▶ _Requirement_
Please transcribe the data that follows without the pictures, keeping every word the same.

▶ _Raw data_

-- Opening Marker --

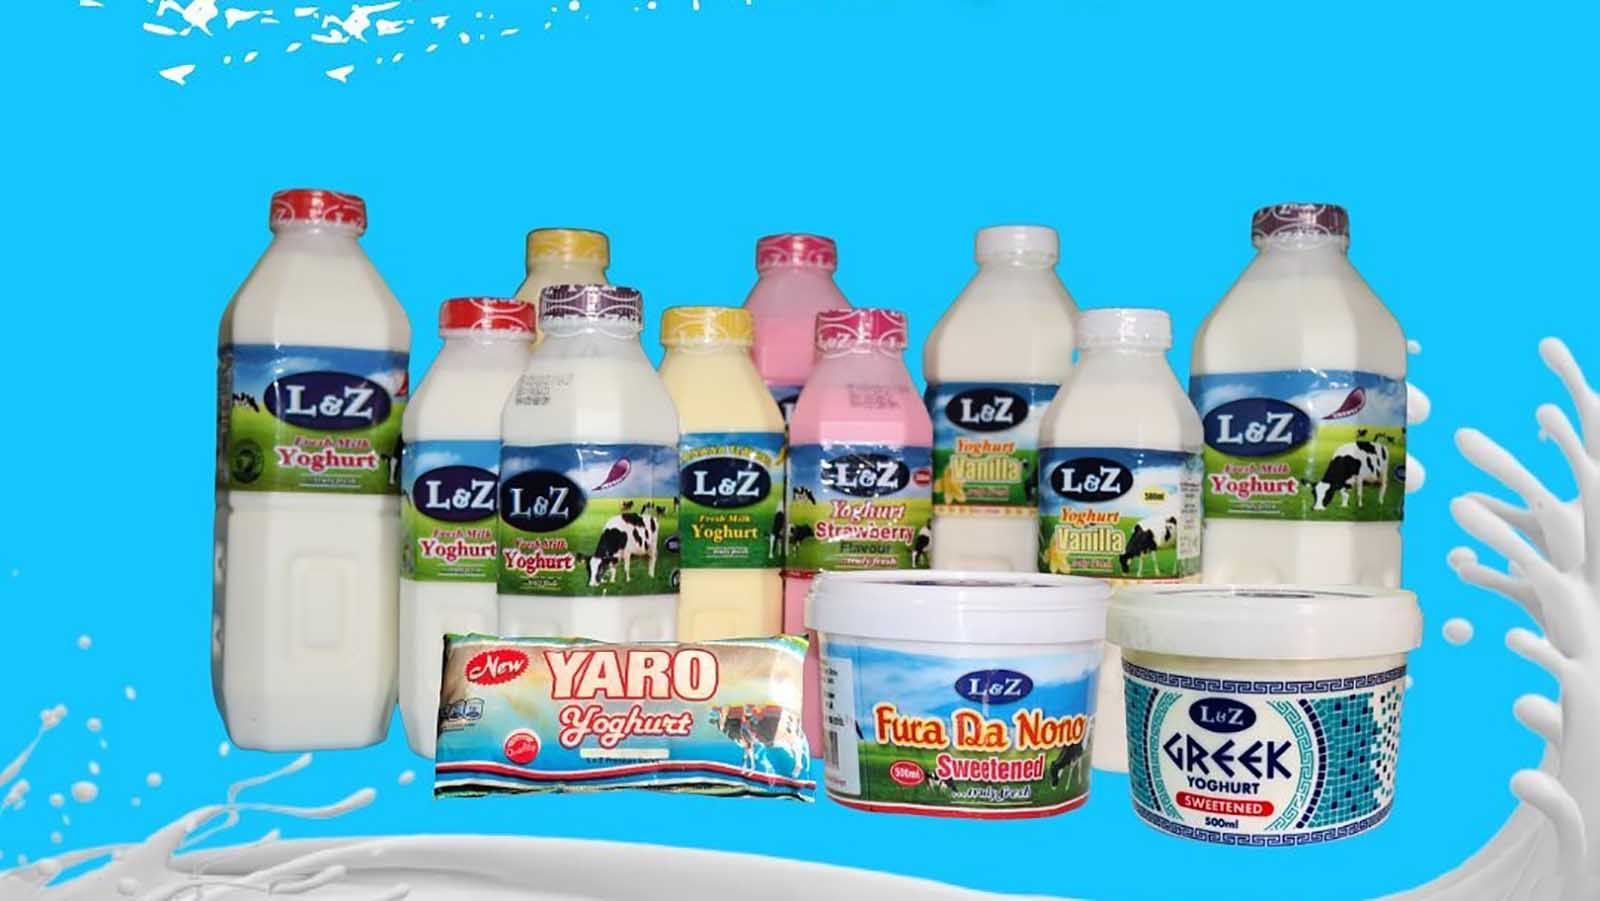 <strong>Nigerian dairy company L&Z marks end of 7-year growth partnership with Sahel Capital</strong>
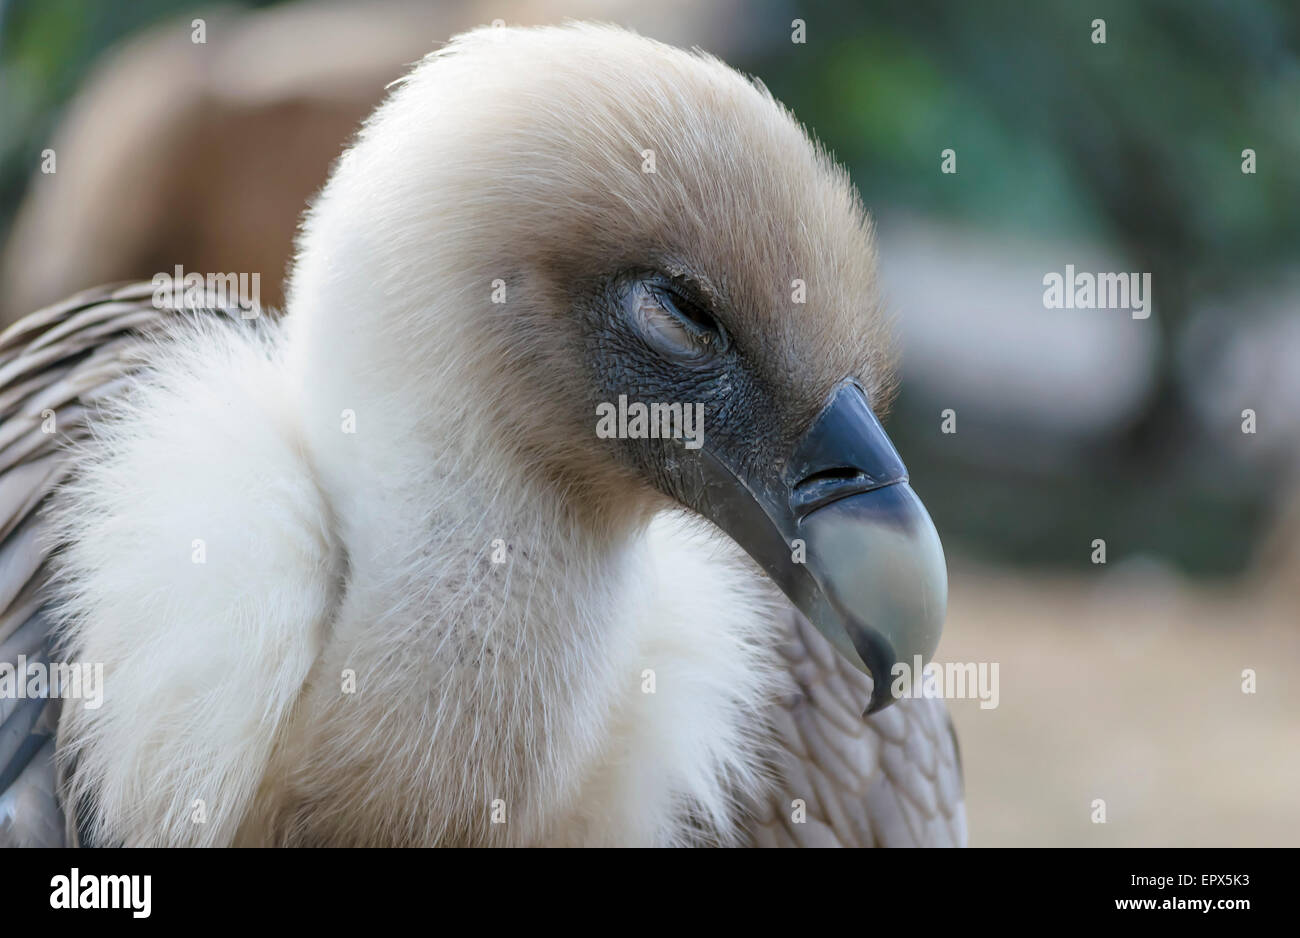 This buzzard is trying to sleep, and for this reason, he has his eye practically closed Stock Photo
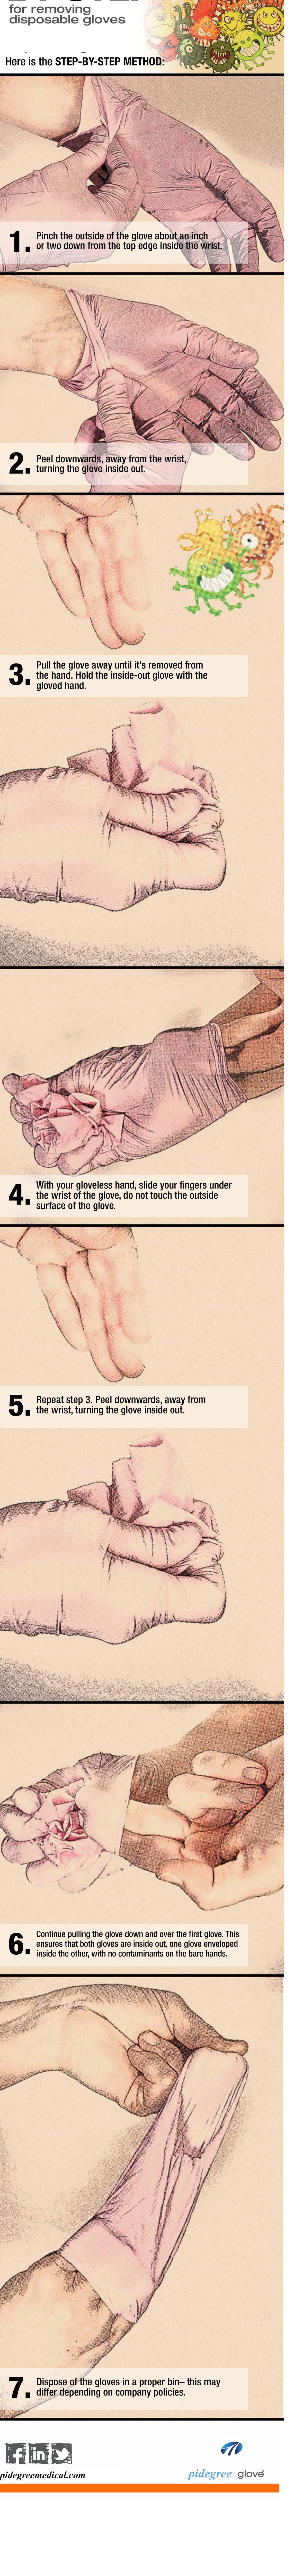 Step-by-Step-for-removing-disposable-glove.jpg

-- Closing Marker --

▶ _Solution_
 <strong>Nigerian dairy company L&Z marks end of 7-year growth partnership with Sahel Capital</strong>
 This buzzard is trying to sleep, and for this reason, he has his eye practically closed Stock Photo
 Step-by-Step-for-removing-disposable-glove.jpg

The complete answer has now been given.